摘要: 基因组结构变异(SVs)通过大片段DNA的插入、缺失、倒位或易位等改变基因组三维构象与调控网络,是多种复杂疾病的关键致病变异。近年来,长读长测序与三维基因组学技术的突破显著提升了对SVs的检测能力。然而,由于SVs的复杂性和功能注释的稀缺性,它的致病机制预测仍面临巨大挑战。研究者已经提出了通过挖掘染色质互作、表观修饰及单细胞转录组等数据,揭示SVs对基因表达与表型的影响规律并解析SVs致病机制的方法,目前仍缺乏对该类方法的系统性总结。因此,本文系统综述了基于高通量测序数据预测SVs致病性的方法,包括知识驱动型方法、传统机器学习方法、深度学习方法以及大模型方法。通过总结现有方法的局限性,包括低频变异预测灵敏度不足、功能注释数据库匮乏以及三维模型泛化能力有限等问题,本文提出通过多模态数据融合、因果推理模型及空间组学技术推动该领域发展的潜在方向,旨在为基因组结构变异的功能解析提供理论参考。
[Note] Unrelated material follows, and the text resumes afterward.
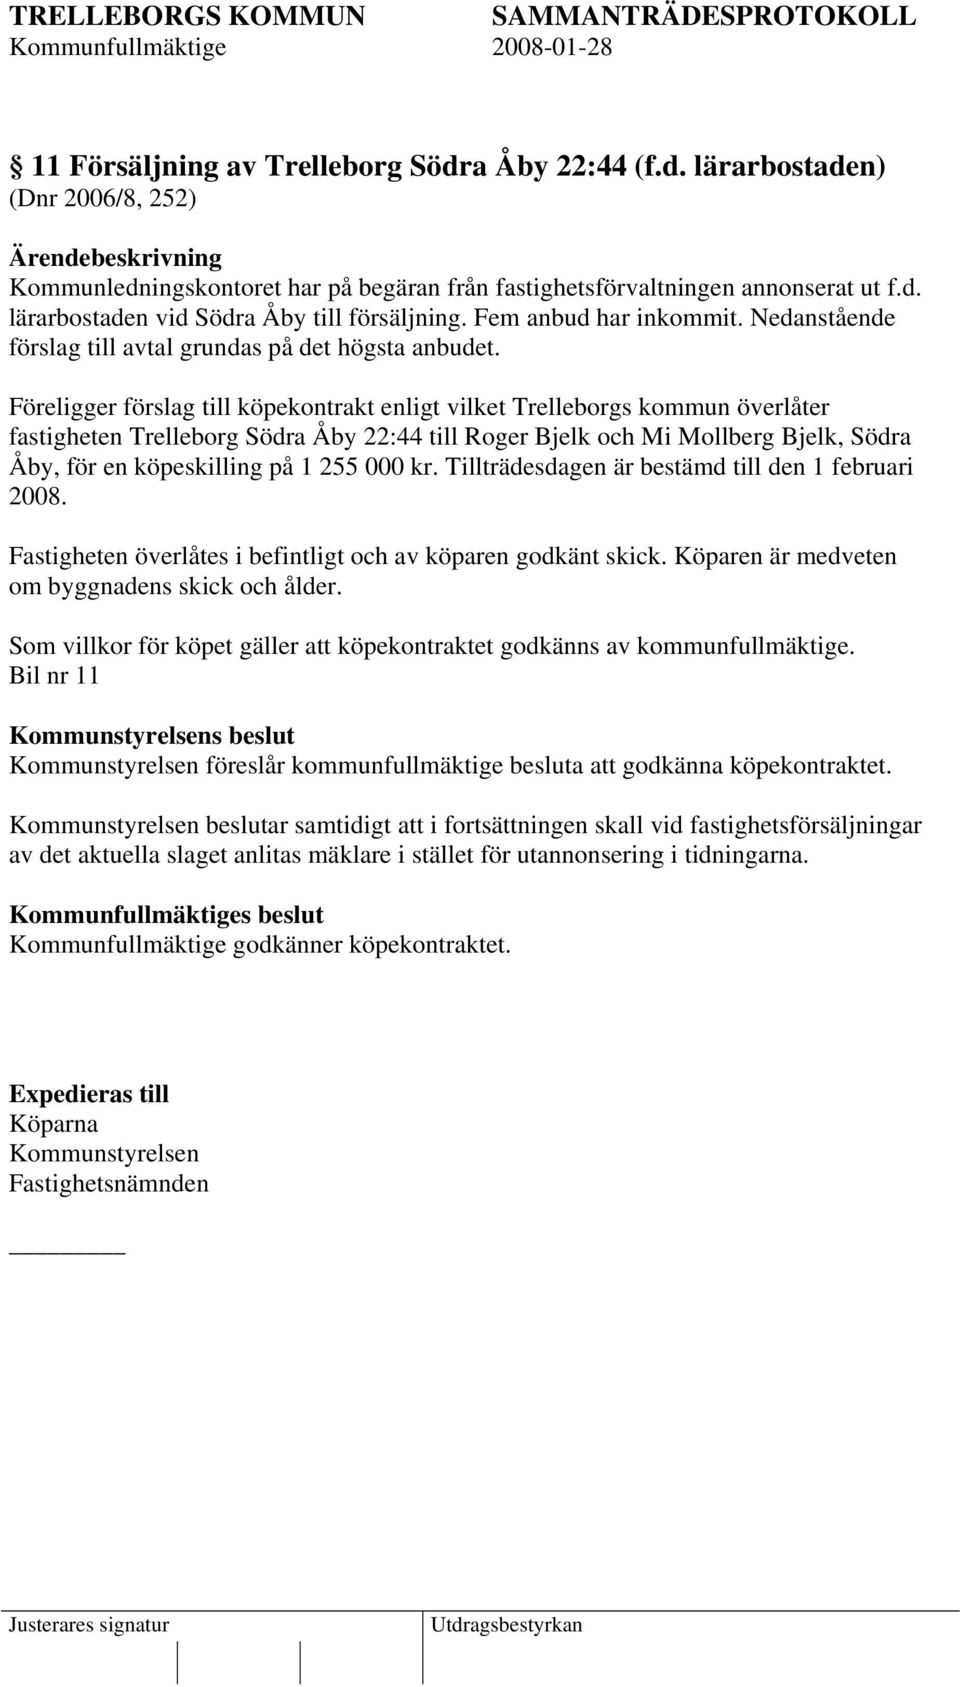 Föreligger förslag till köpekontrakt enligt vilket Trelleborgs kommun överlåter fastigheten Trelleborg Södra Åby 22:44 till Roger Bjelk och Mi Mollberg Bjelk, Södra Åby, för en köpeskilling på 1 255
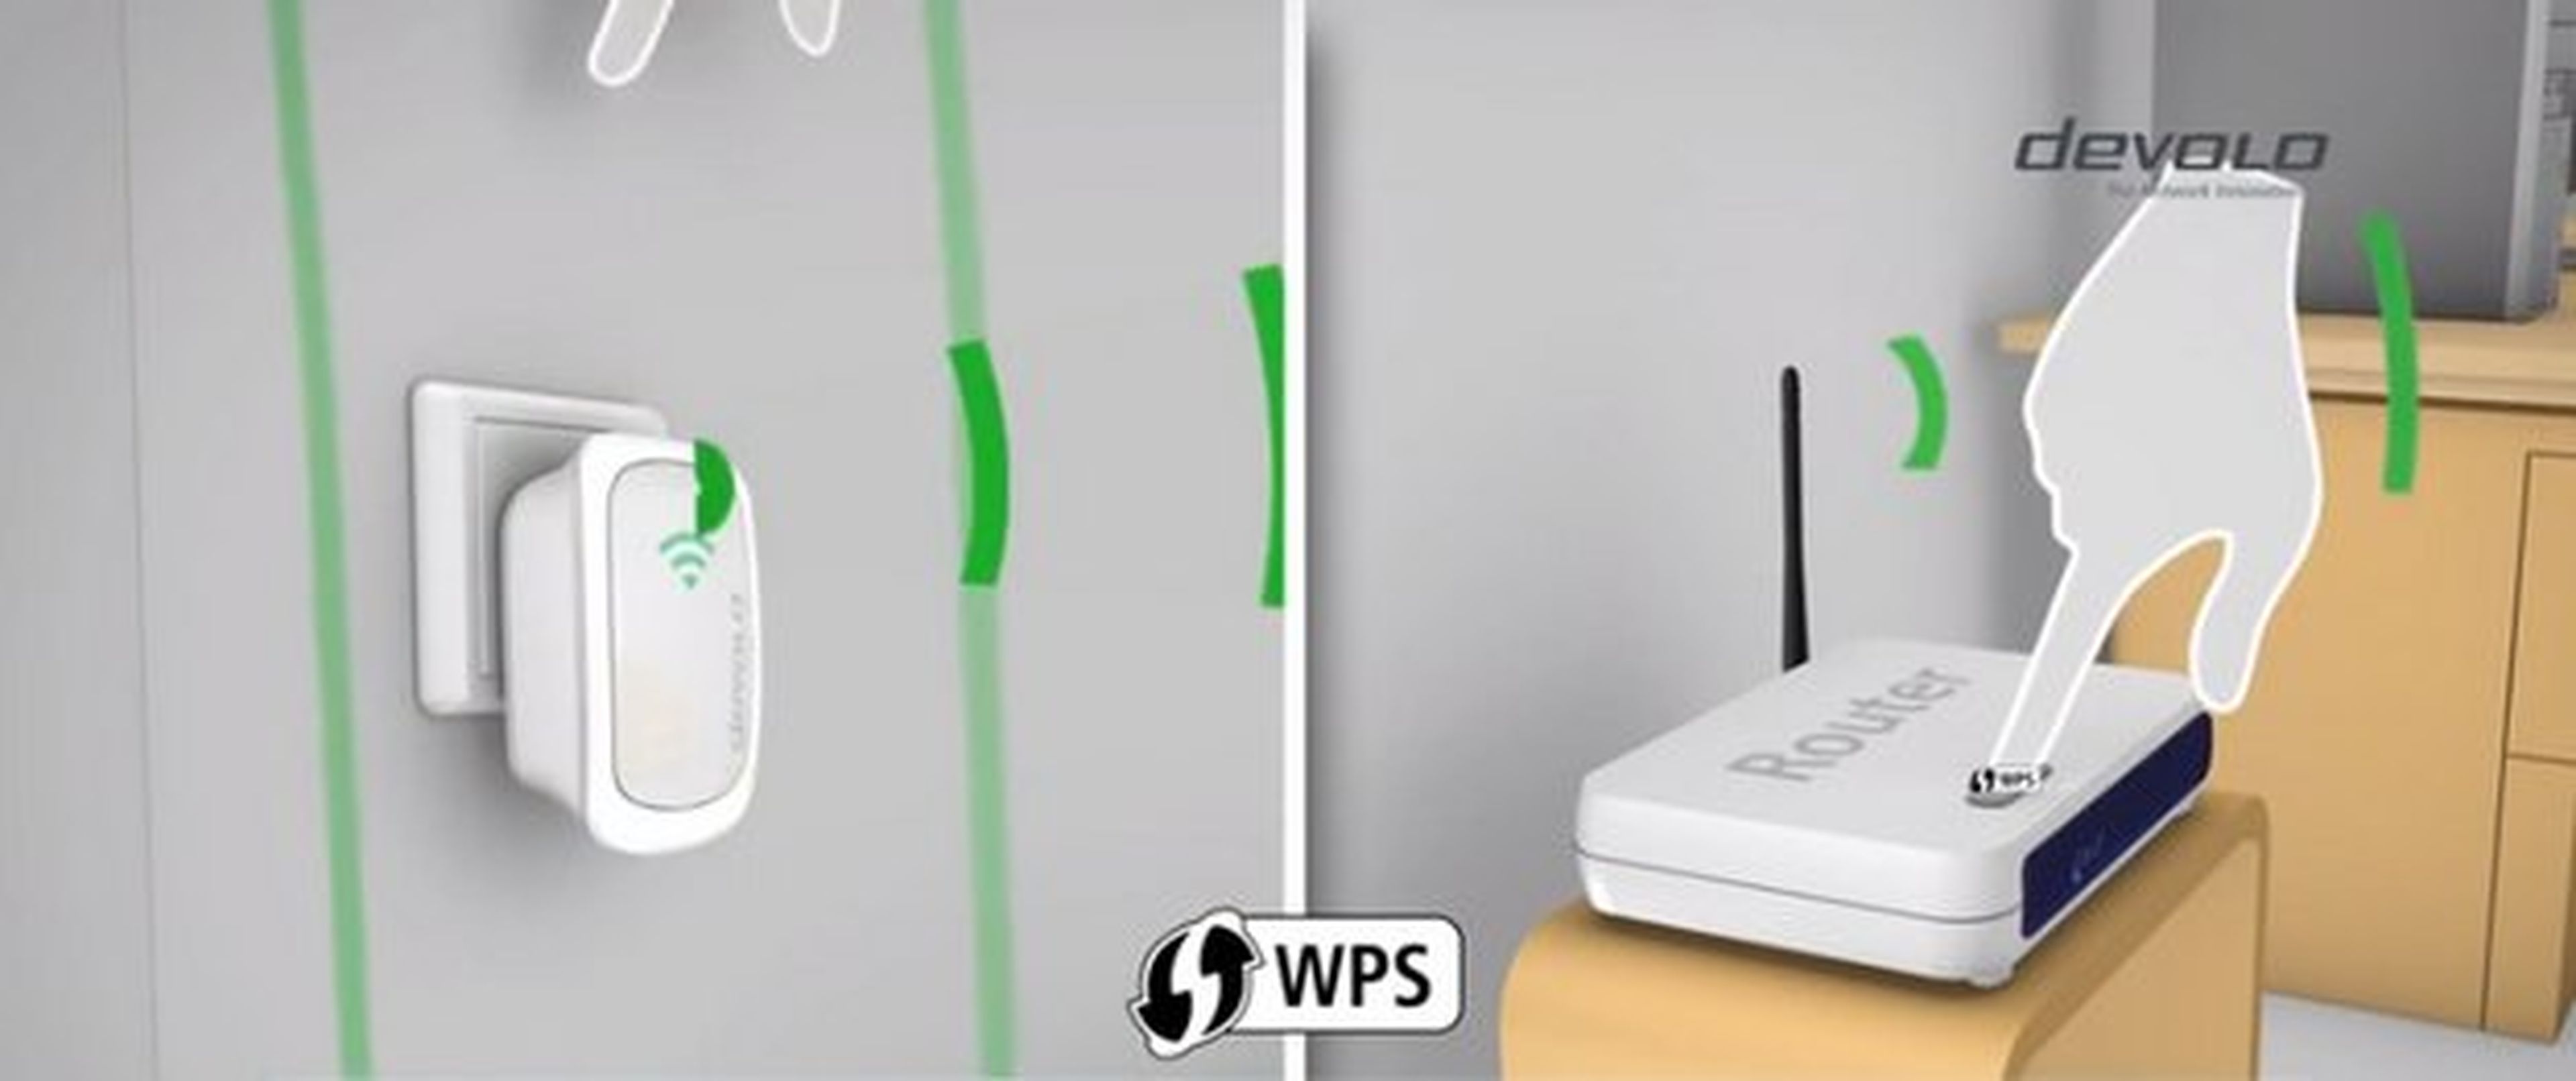 Cómo usar un ROUTER como REPETIDOR WiFi

Abstract: Genomic Structural Variations (SVs), which alter the three-dimensional conformation and regulatory networks of the genome through insertions, deletions, inversions, or translocations of large DNA fragments, are key pathogenic variants in various complex diseases. In recent years, breakthroughs in long-read sequencing and 3D genomics have significantly improved the detection capability of SVs. However, due to the complexity of SVs and the scarcity of functional annotations, predicting their pathogenicity remains a major challenge. Several methods have been developed to decipher the pathogenic mechanisms of SVs and reveal their impact on gene expression and phenotypes by integrating multi-modal data such as chromatin interactions, epigenetic modifications, and single-cell transcriptomics. However, there is still a lack of systematic summary of such methods. Therefore, this article systematically reviews methods for predicting the pathogenicity of SVs based on high-throughput sequencing data, including knowledge-driven methods, traditional machine learning methods, deep learning methods, and large model methods. By summarizing the limitations of existing methods, including low sensitivity in predicting rare variants, insufficient functional annotation databases, and limited generalizability of 3D models, this article proposes potential future directions to advance the field through multimodal data fusion, causal inference models, and spatial omics technologies. It aims to provide a theoretical reference for the functional interpretation of genomic structural variations.